## Raw data
+ + +
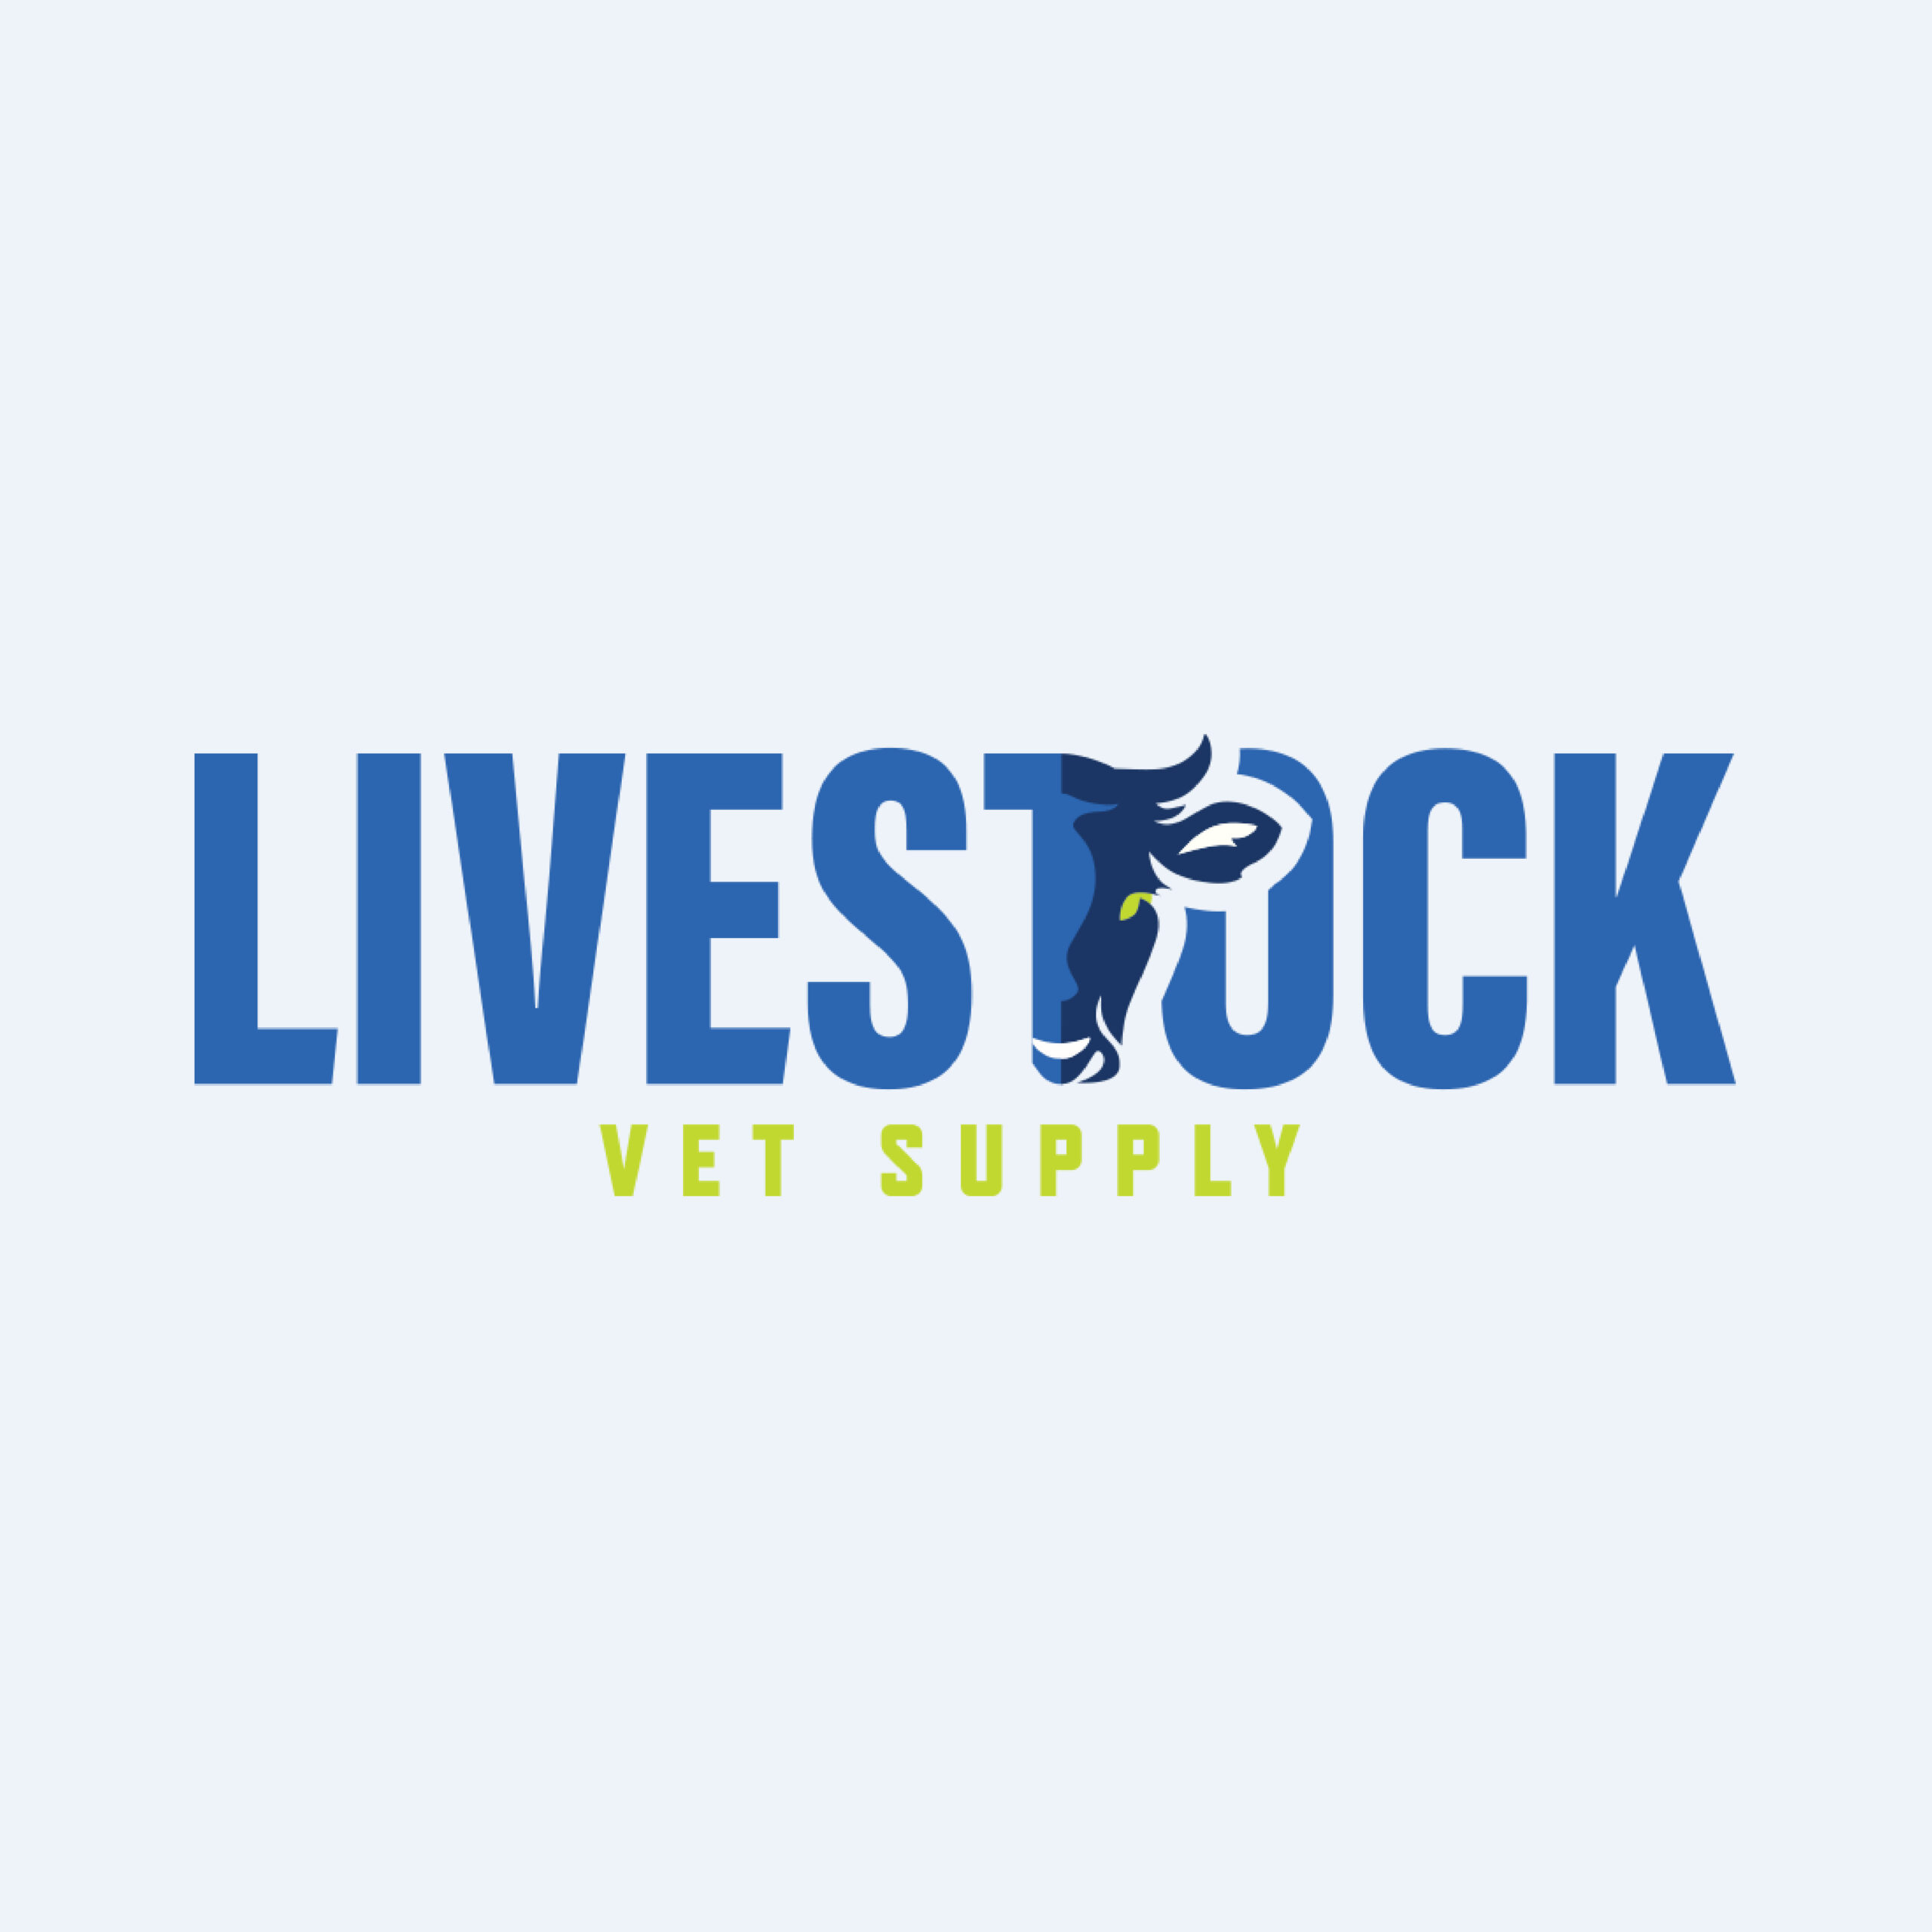 Livestock-Vet-1000x1000-01
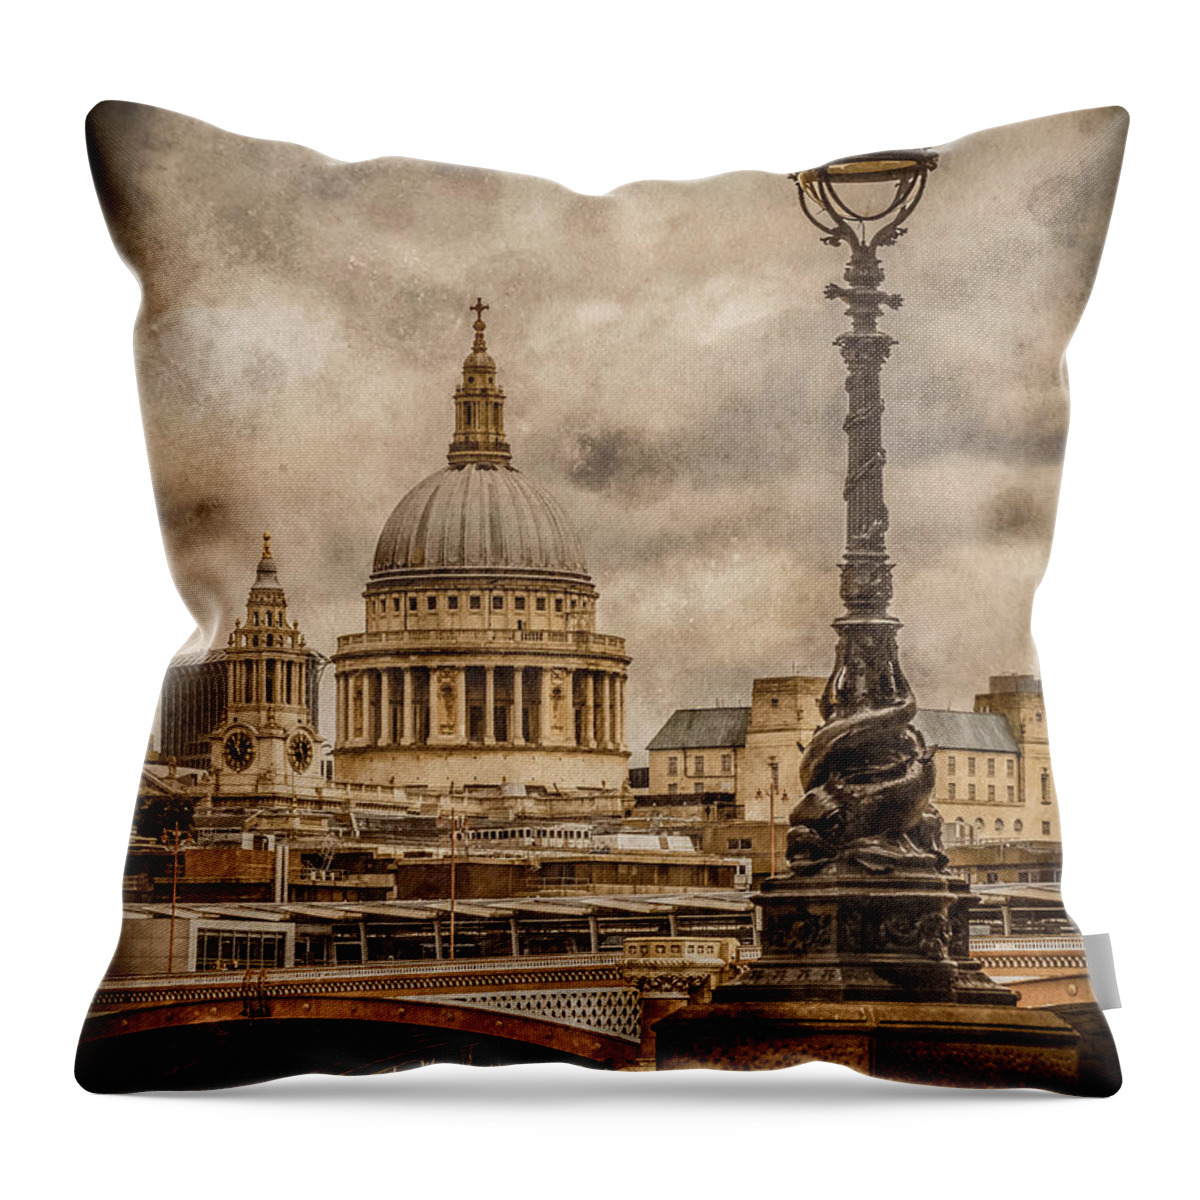 England Throw Pillow featuring the photograph London, England - Saint Paul's by Mark Forte
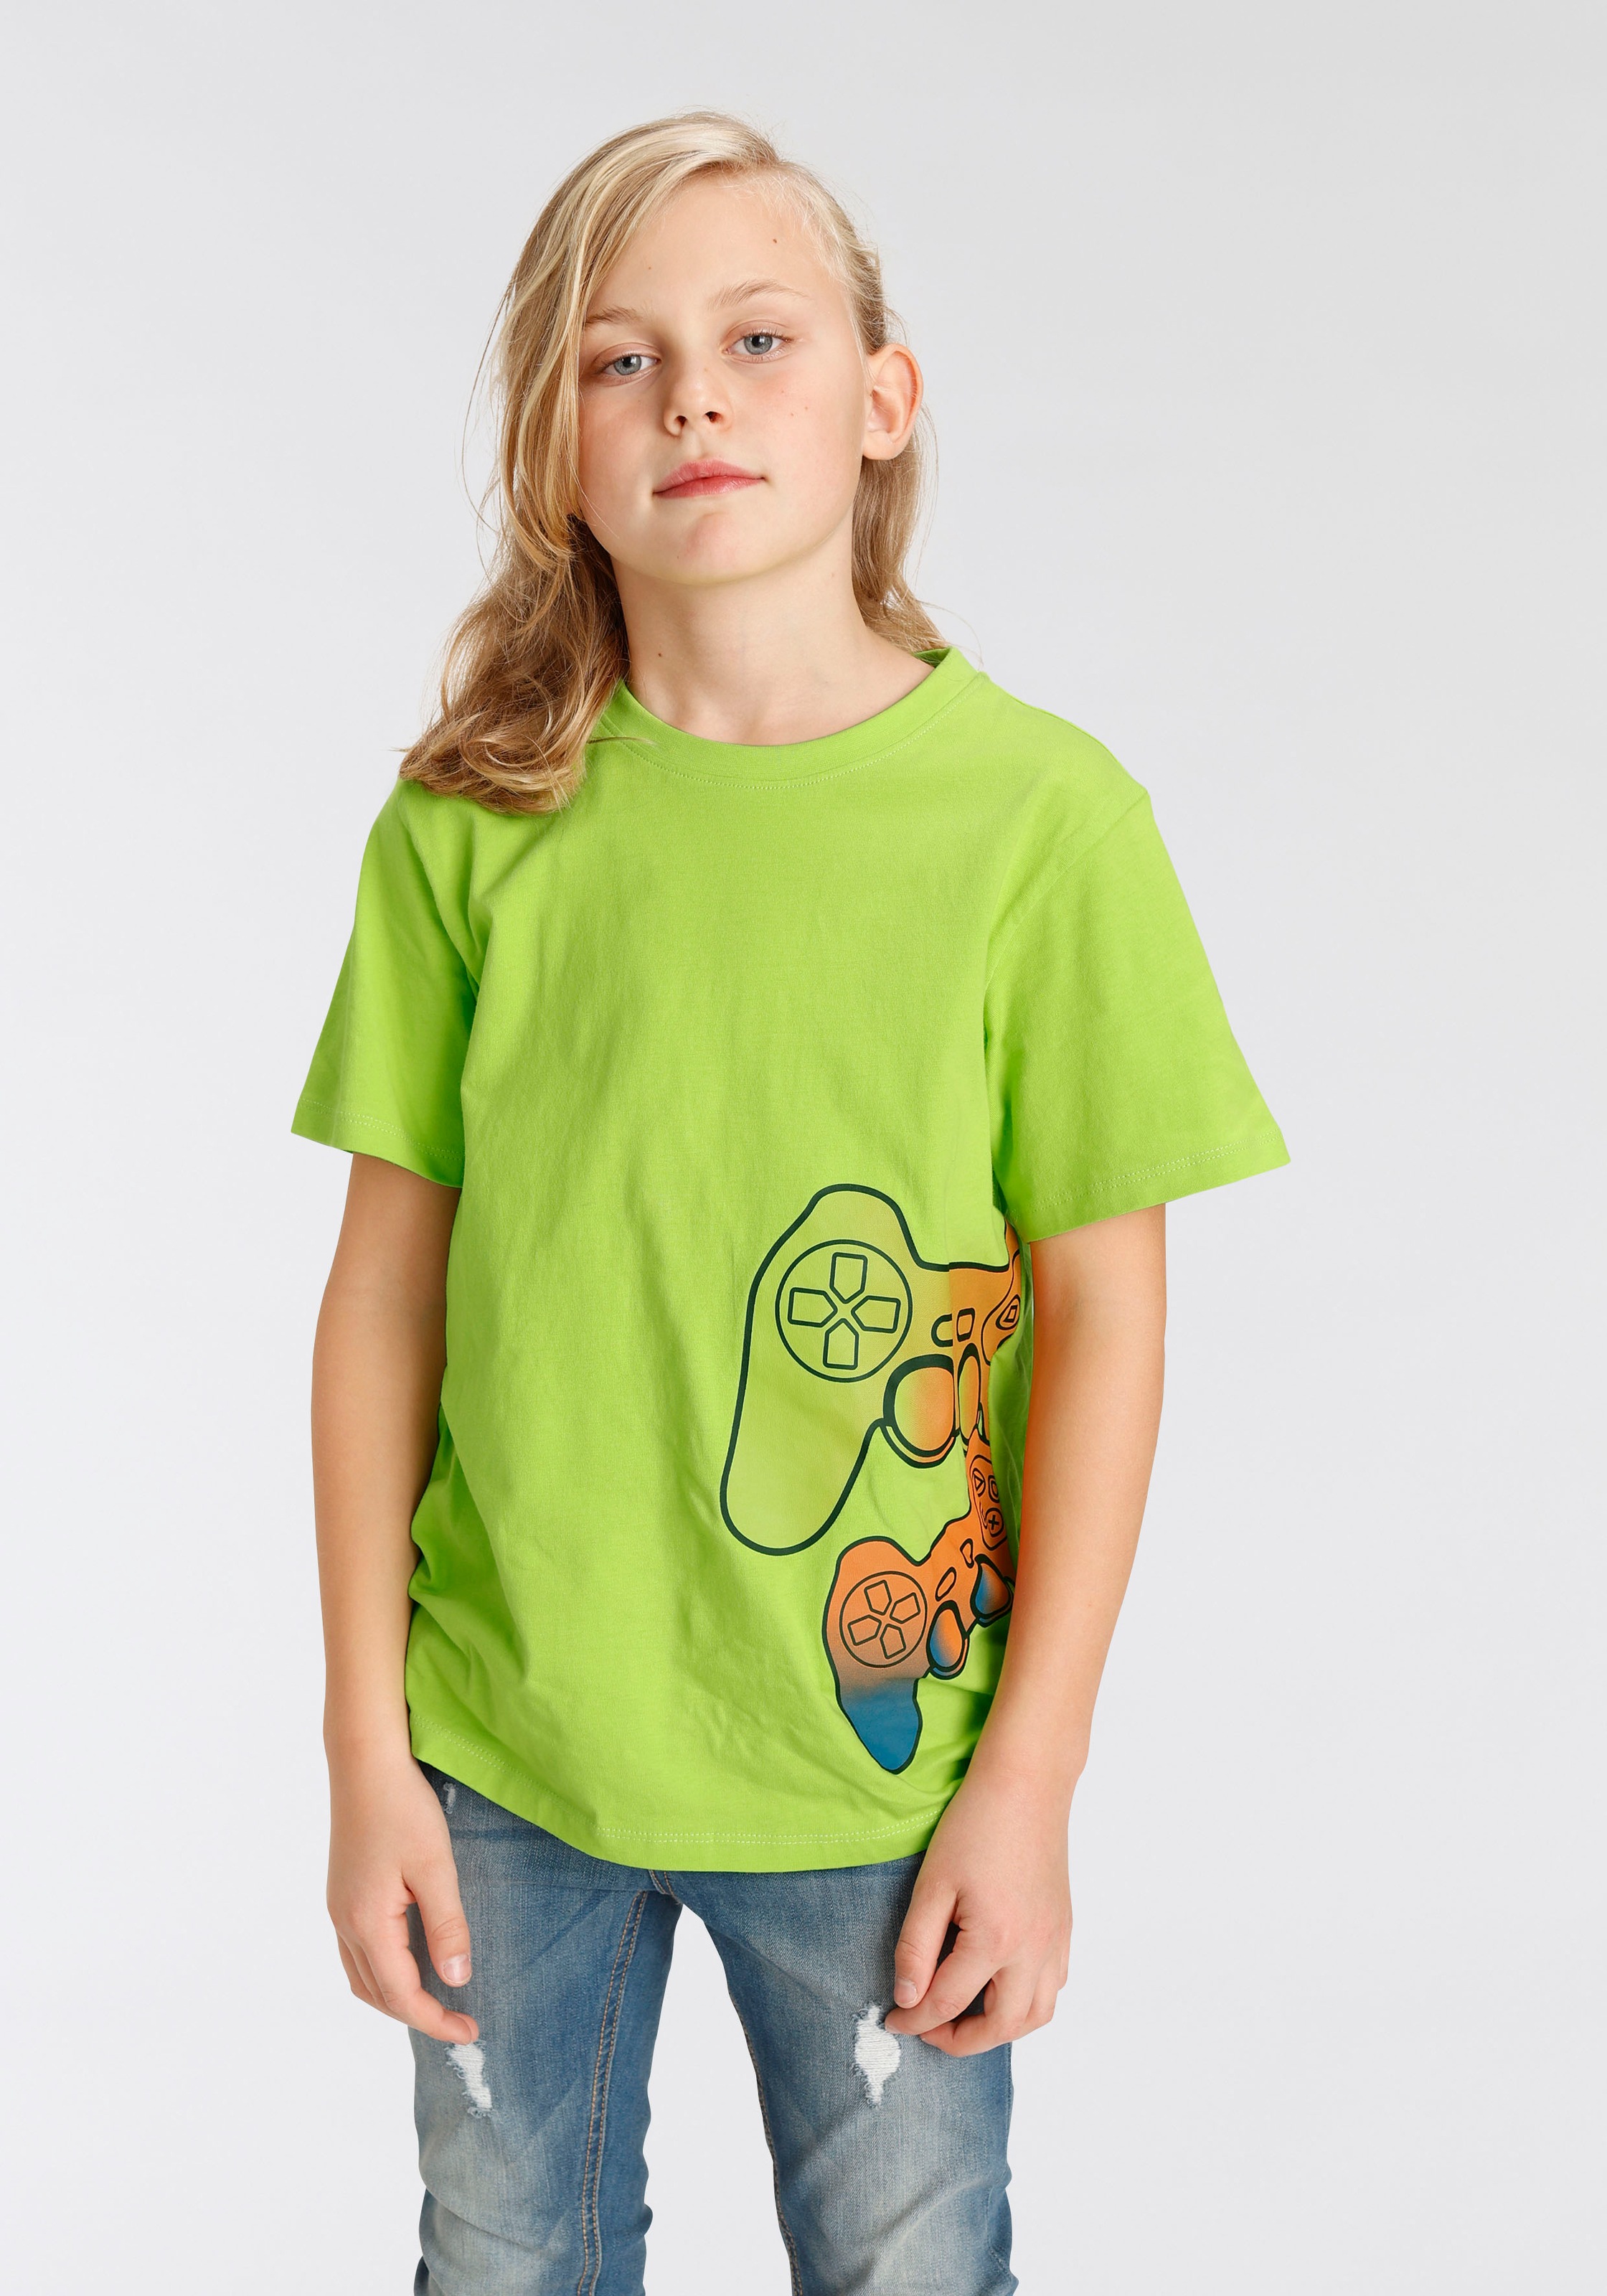 tlg., 2 2er-Pack) T-Shirt (Packung, auf KIDSWORLD »GAMER«, versandkostenfrei
+ + +
Transcribe only the lines from the one holding "England Throw Pillow" through the last line of the listing above, inclusive, and do not include the pictures.

## Finished exercise
 England Throw Pillow featuring the photograph London, England - Saint Paul's by Mark Forte
 tlg., 2 2er-Pack) T-Shirt (Packung, auf KIDSWORLD »GAMER«, versandkostenfrei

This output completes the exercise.